Omit every image, and transcribe the remaining entries exactly as given.

(PROVIDED RECORDS begins)

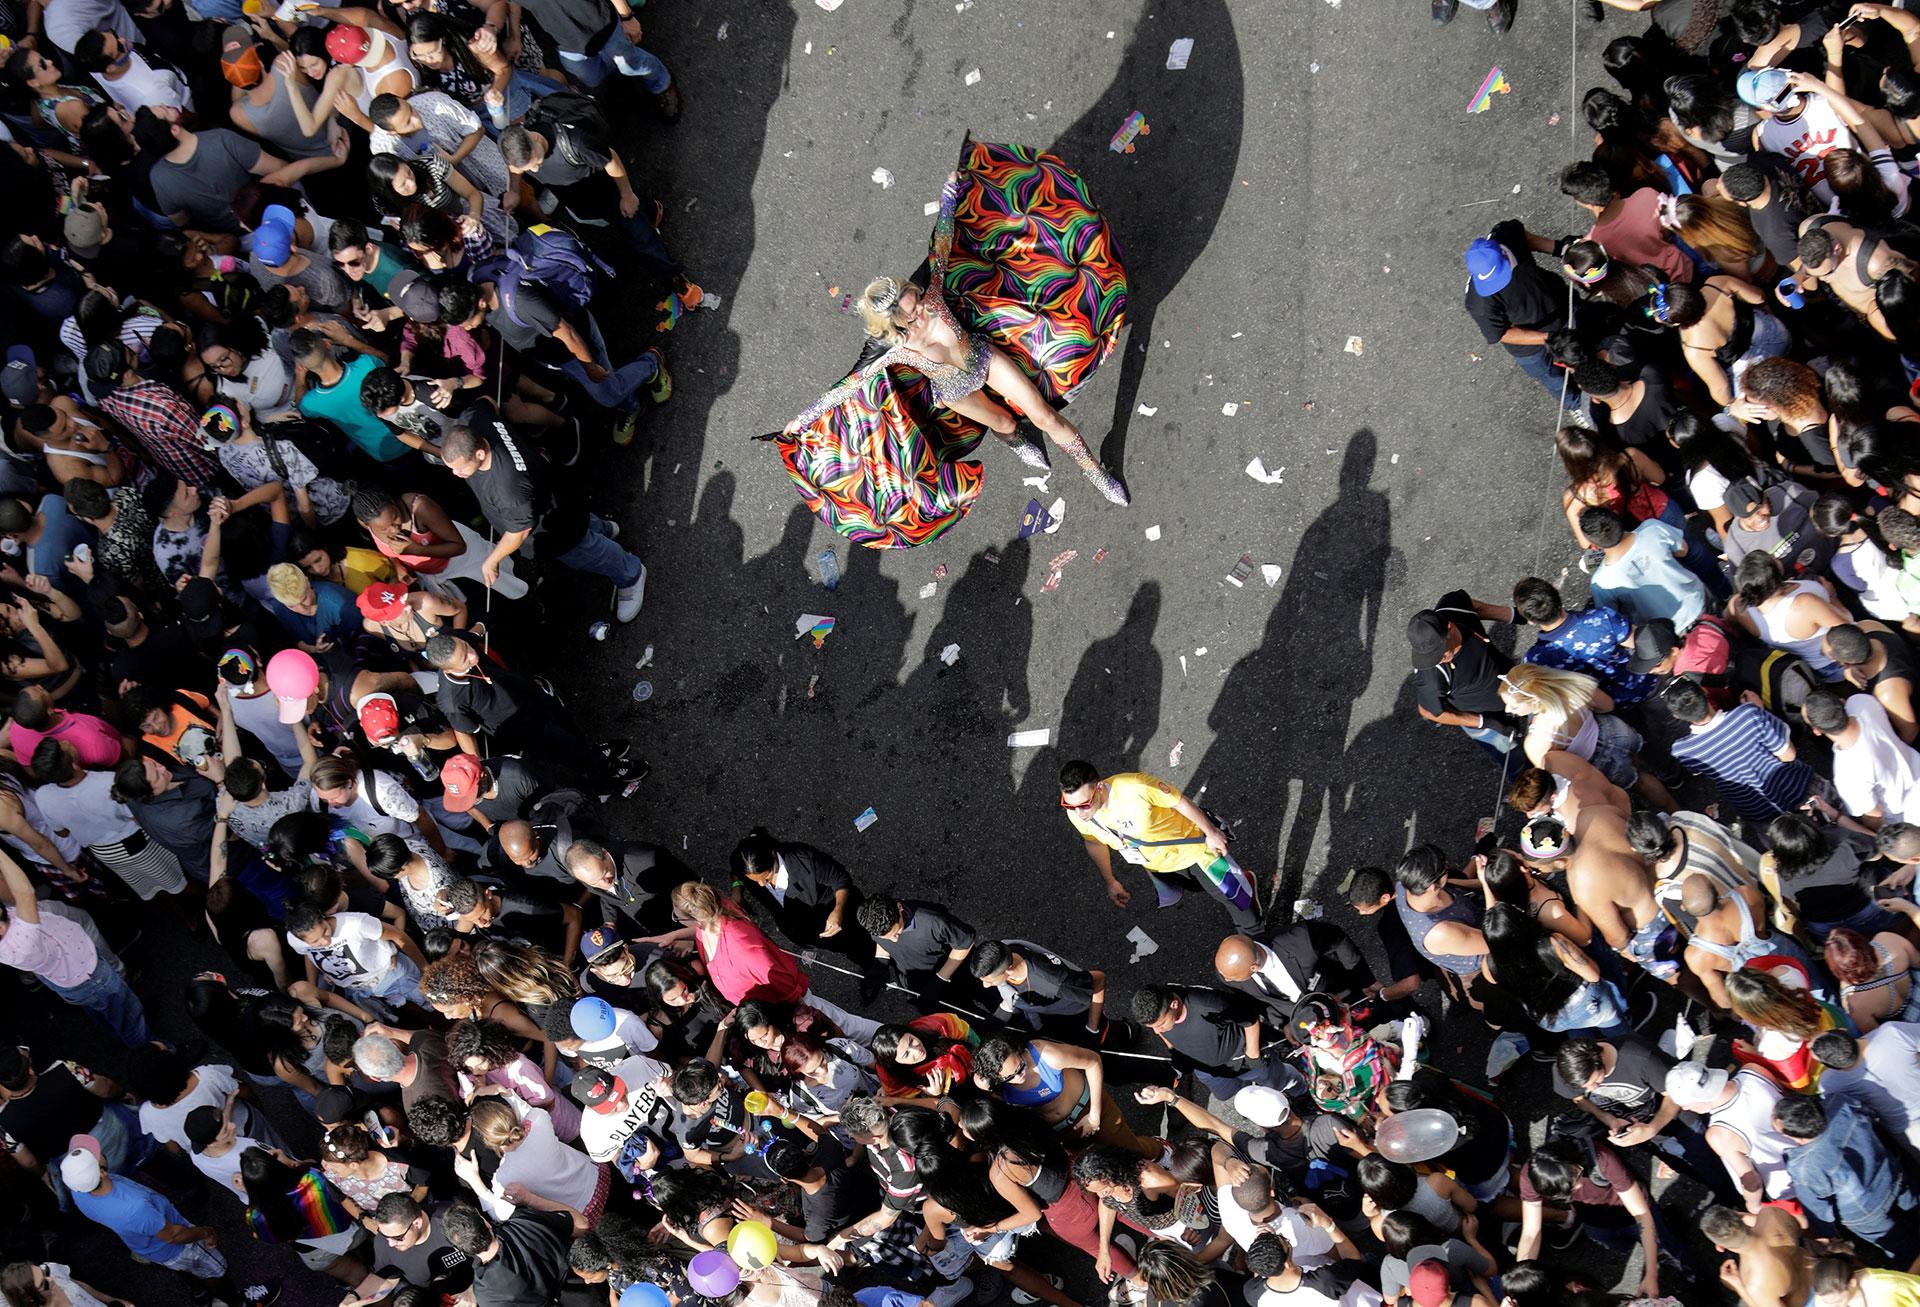 La masiva movilización en defensa de los derechos de los homosexuales en la mayor ciudad de Brasil, sin embargo, no oculta que este es uno de los países que más registran homicidios y agresiones en el mundo por discriminación contra los homosexuales
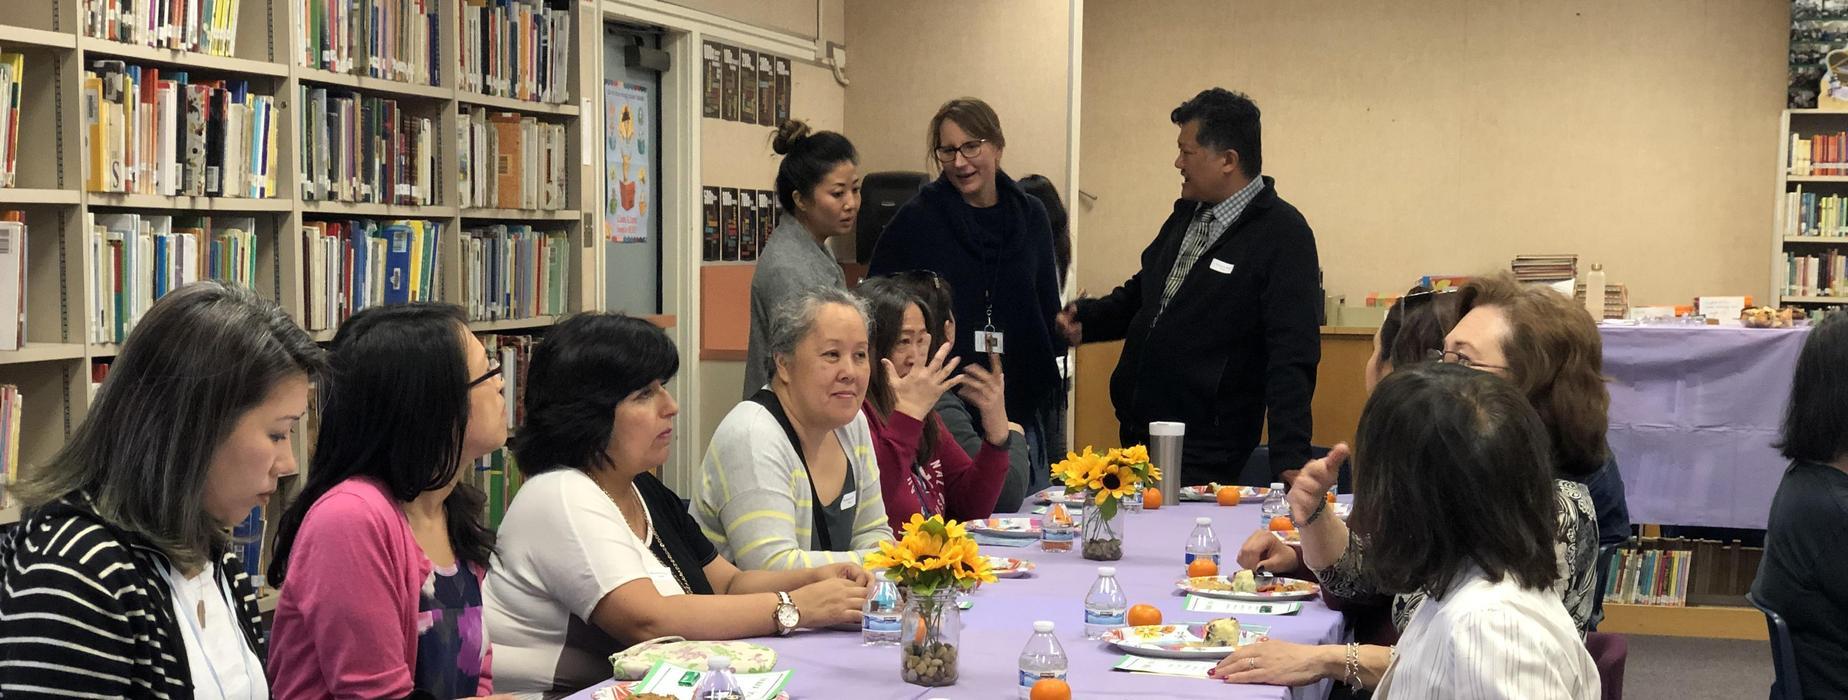 Marguerita staff lunch
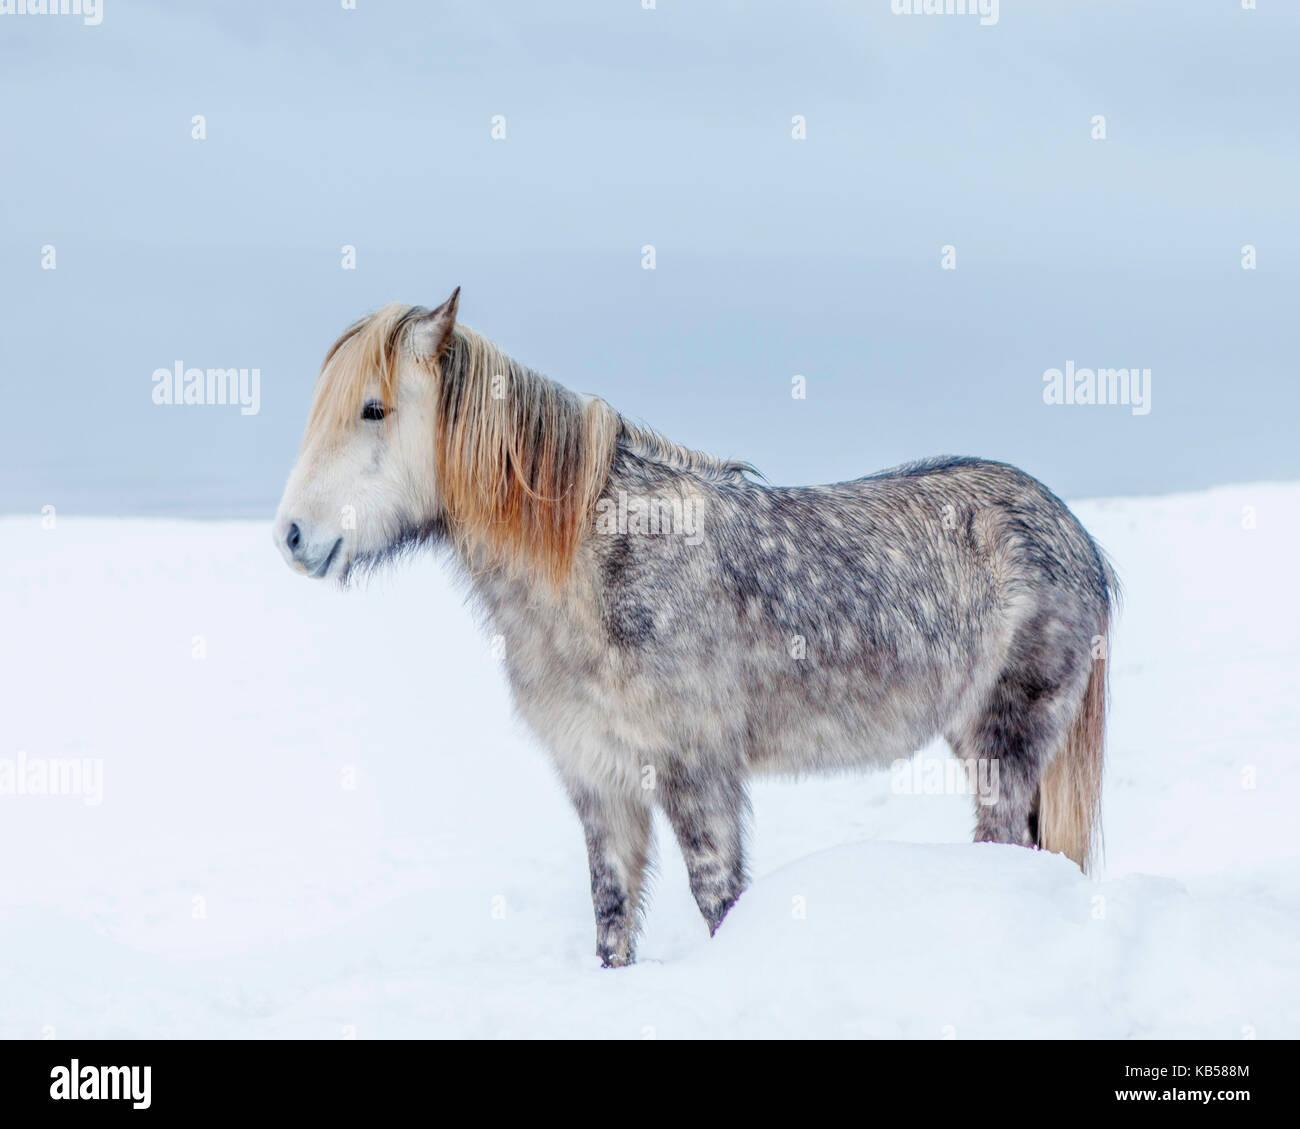 Retrato caballo islandés, Islandia el caballo islandés es una raza desarrollada en Islandia con muchas cualidades únicas. Son de larga vida y resistentes y en su país natal tienen pocas enfermedades; la ley islandesa impide que los caballos sean importados al país y no se permite que los animales exportados regresen. Foto de stock
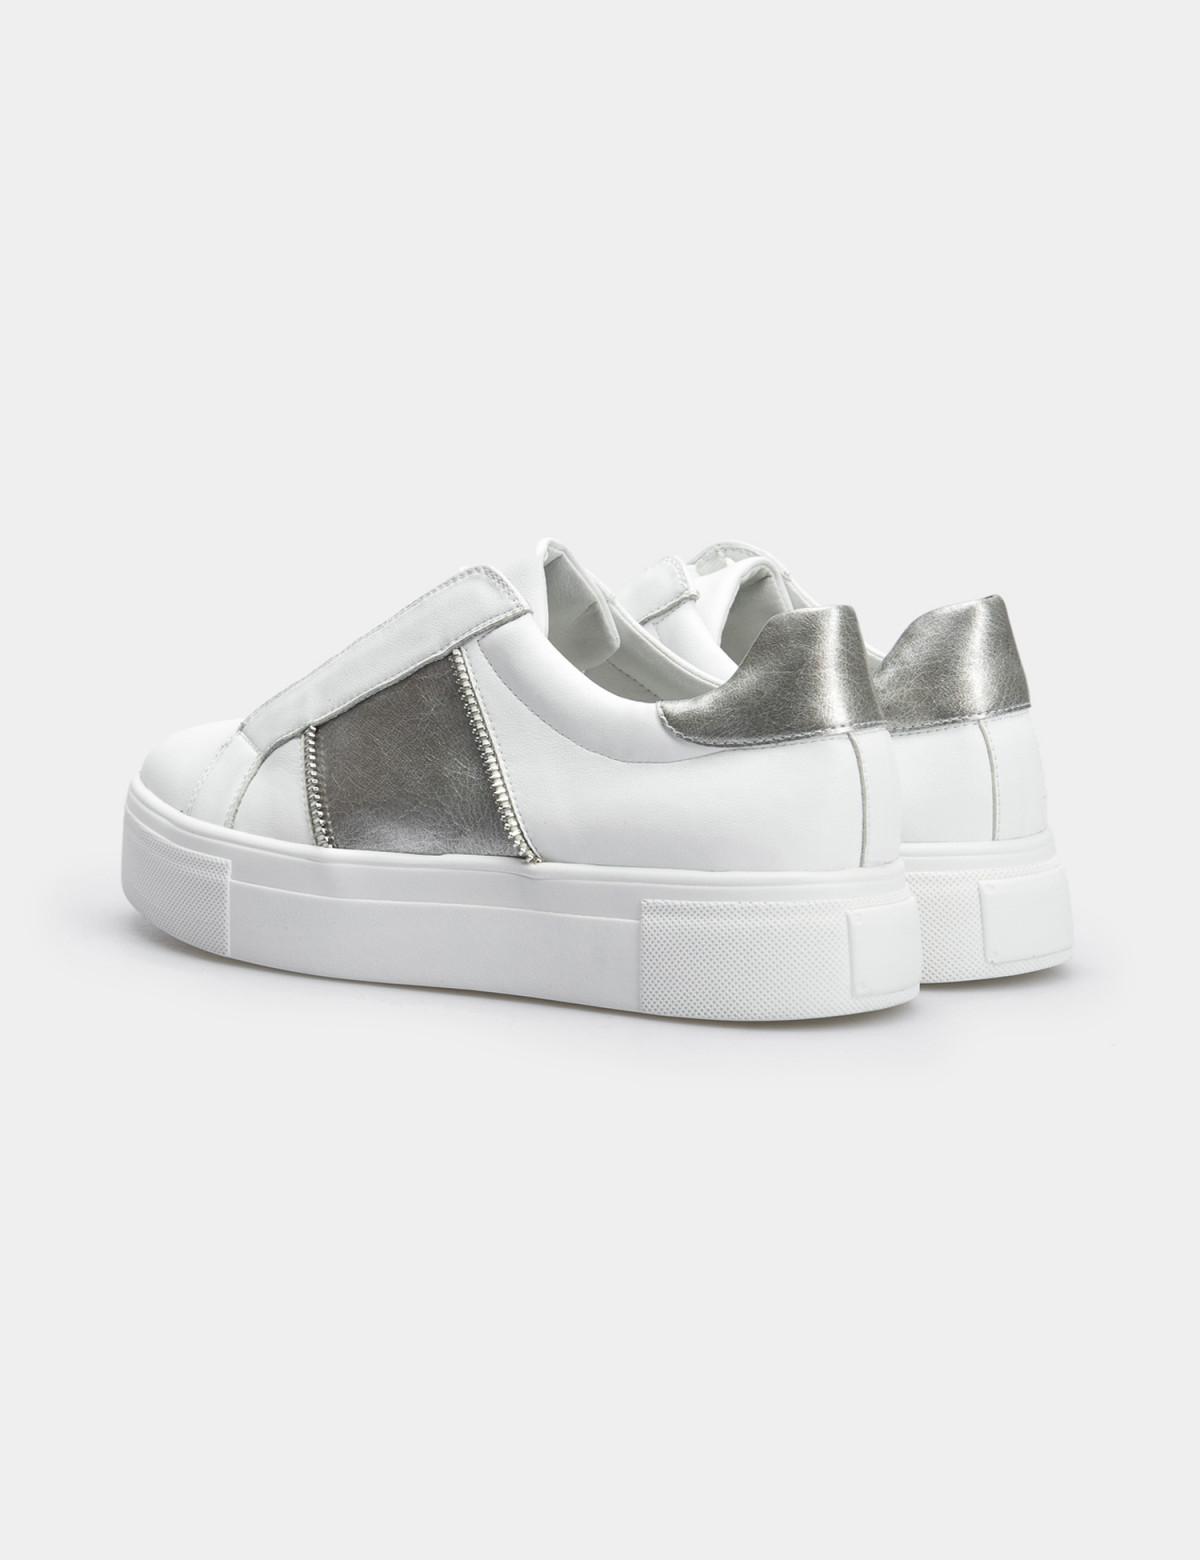 Кросівки білі, натуральна шкіра2
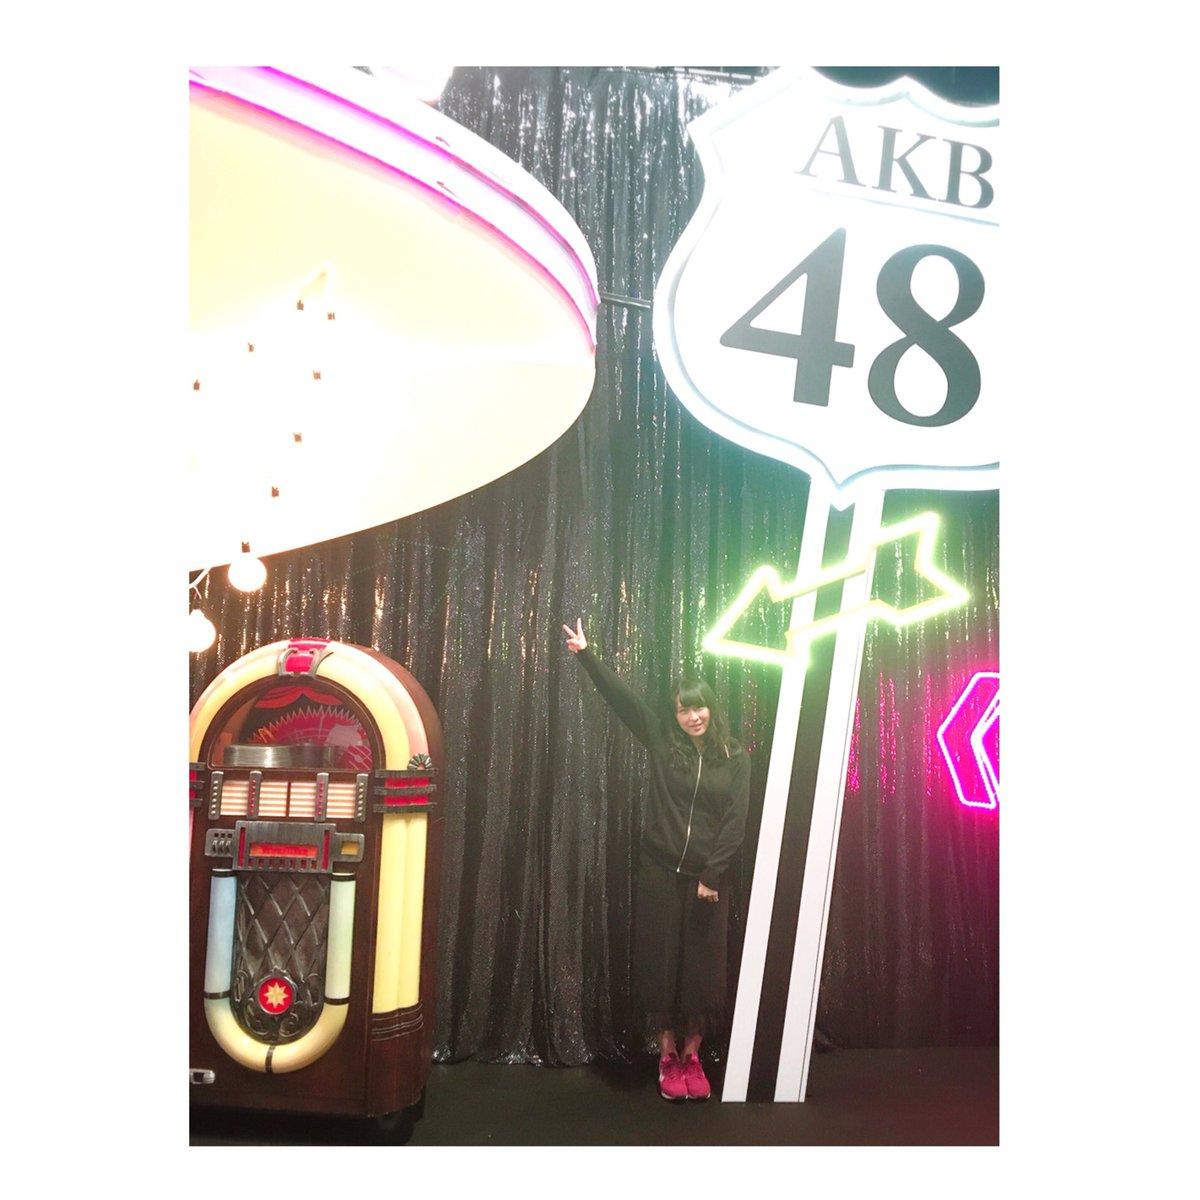 ★柿崎芽実cファン倶楽部 地下売上議論20938★ [無断転載禁止]©2ch.netYouTube動画>1本 ->画像>357枚

(PROVIDED RECORDS ends)

## EXERCISE RESPONSE
 La masiva movilización en defensa de los derechos de los homosexuales en la mayor ciudad de Brasil, sin embargo, no oculta que este es uno de los países que más registran homicidios y agresiones en el mundo por discriminación contra los homosexuales
 Marguerita staff lunch
 Retrato caballo islandés, Islandia el caballo islandés es una raza desarrollada en Islandia con muchas cualidades únicas. Son de larga vida y resistentes y en su país natal tienen pocas enfermedades; la ley islandesa impide que los caballos sean importados al país y no se permite que los animales exportados regresen. Foto de stock
 Кросівки білі, натуральна шкіра2
 ★柿崎芽実cファン倶楽部 地下売上議論20938★ [無断転載禁止]©2ch.netYouTube動画>1本 ->画像>357枚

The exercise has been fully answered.